Is the rolling of the edge of the rear of the mouth, perhaps more noticeable on
a lower angle bed, the only reason not to opt for regular mild steel as a suitable candidate for plane making?
I had to do this recently for my shoulder plane, but its sound now.
Might be better if my plane were O1 if it got dropped I suppose, but for a plane
which the bed wasn't exposed, like a panel plane, has anyone came across any "never again" scenarios using mild steel for a plane?
Keen to know why folks use O1, but will use bronze aswell.
Thanks
Tom
O1 is a little harder to cut, but it pins files less and it comb cuts well. Mild steel for hand work is generally more of a cut most and file some, but it peins better than O1 (it moves more easily, which is why you can comb cut O1 better - as in cut the metal in a section so that it looks like the teeth of a comb and then hammer the teeth and break them off).
O1 is more often received straight and ground, too, whereas mild steel may not be as flat (not a huge deal, you're going to pin it together flat or close and then file it.
O1 probably laps a little better (no steel laps that easily, though) and mild steel needs really to be filed to flat to get a reasonable amount of flatness quickly. If one buys mild steel with mill finish, the oxide is a file killer and needs to be run off on the idler of a belt sander or something similar (again, emphasis that O1 usually comes precision ground already and doesn't have any of that.
If metal work is accurate, the ability to pein mild steel a little more easily isn't that big of a deal.
A portable metal bandsaw is a decent idea for wasting metal out of pins, but they don't have a throat deep enough to cut some of the long straight lines for a panel plane - since making the first five infills, I've bought a portable metal bandsaw and if and when I get back to making more infills, it'll prove useful as a metal waster. I'd imagine a die filing machine would also be useful, but there's the issue of finding files that they use.
This is all talk for people who are resistant to the idea of getting and learning to use a milling machine and surface grinder.

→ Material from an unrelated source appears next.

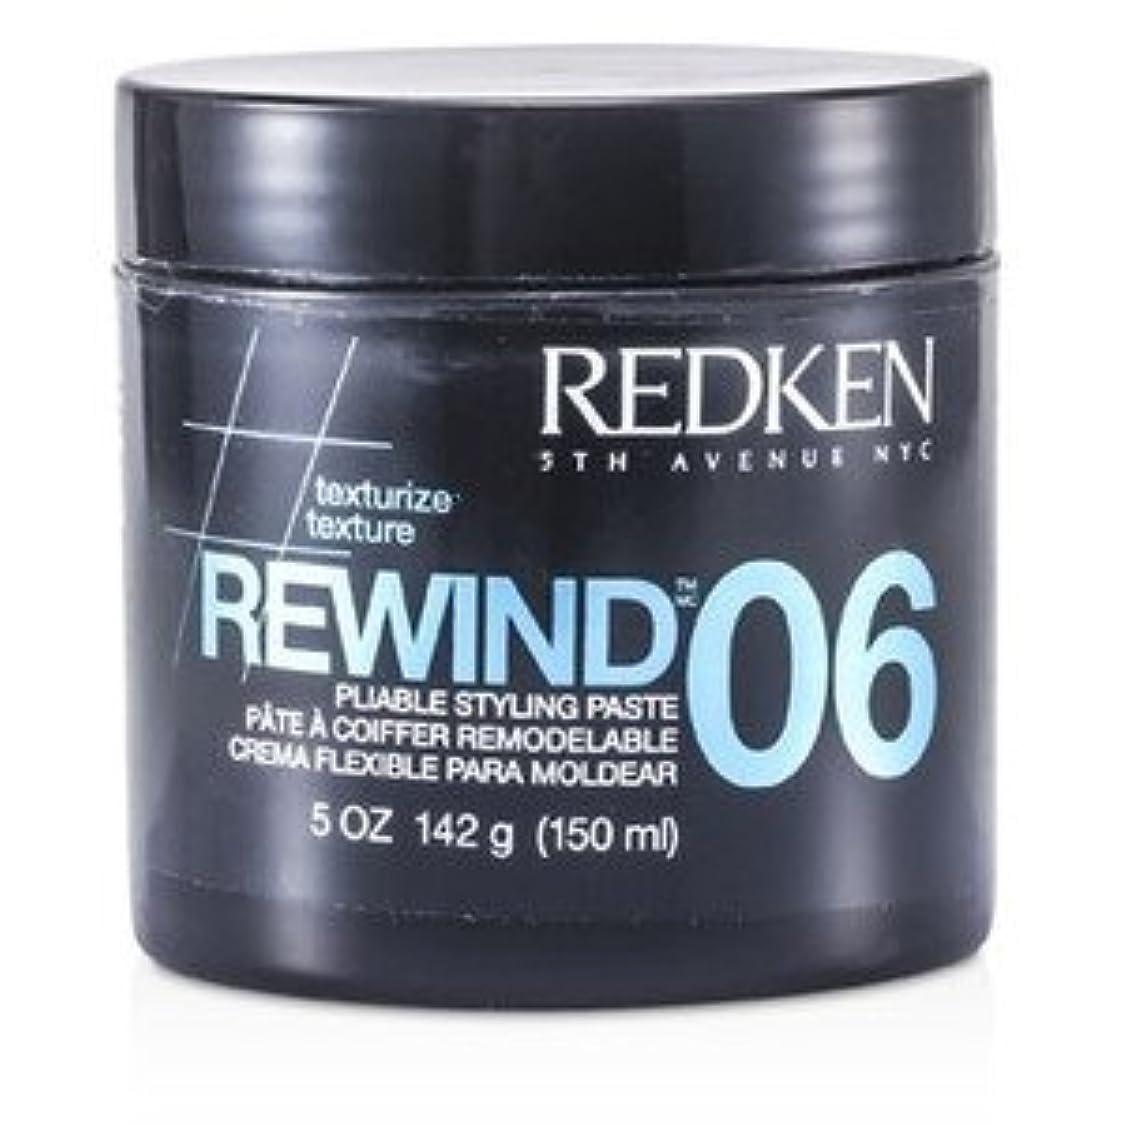 Redken スタイリング リウィンド 06 プライアブル スタイリング ペースト 150ml/5oz [並行輸入品]
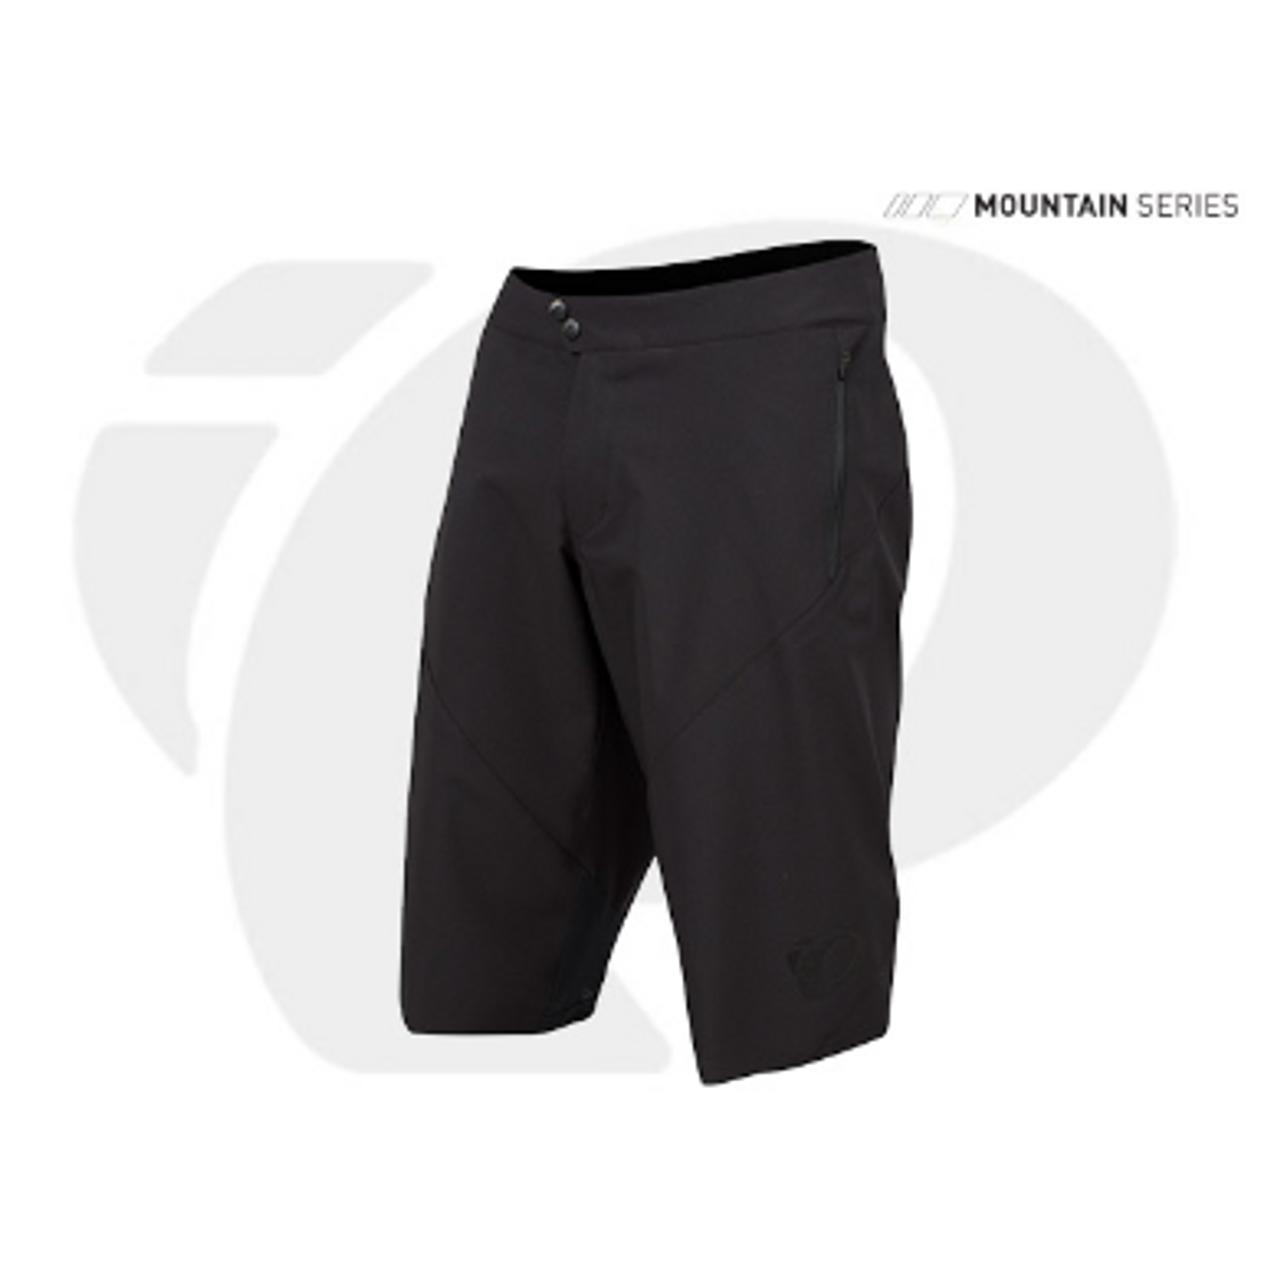 Pearl Izumi Elevate Shorts

Mild steel and O1 annealed both waste off nicely with a body work float and can be filed to almost finish then after that (draw filing) with a decent file as long as one learns to avoid pinning files by using their length progressively and then combing them out (as in, work your way down the file draw filing so that the file doesn't pin in a spot and then gash a big ugly mark in the surface you're trying to finish.
I'm not sure that it's much faster to make a single plane with a mill than it is with a portable bandsaw and hand tools, and I notice that folks who start making planes with mills often suffer some issues of proportion. I don't know why that is (some people who make planes by hand suffer the same thing).
The rule that George Wilson told me long ago applies -one is better off copying design with good aesthetics and then learning why they're good aesthetics than attempting to design something from their own mind before knowing what's good and what's not. I hate to say it, but I semi copied (but took some liberties) my first plane from a norris A13 and it would look far better if I'd just copied karl holtey's version of the A13 (sans adjuster - I don't think any infill plane is improved with an adjuster, but I guess they had to have them because stanley planes did.
All infills with O1 or mild steel are sticky on wood (cast has slightly less friction) and any made with a bronze or brass bottom are super sticky. I heavier wooden planes is much more productive than a panel infill plane in anything except very fine work, and I'd guess that the larger infill planes were never common until power tools did the roughing work. I thicknessed a board yesterday with the no-name infill above, and within about 20 minutes, I'd put it aside in favor of wooden planes - as much as the infill is nice for small work and finish truing, it's just a duck out of water trying to do any middle or coarse work.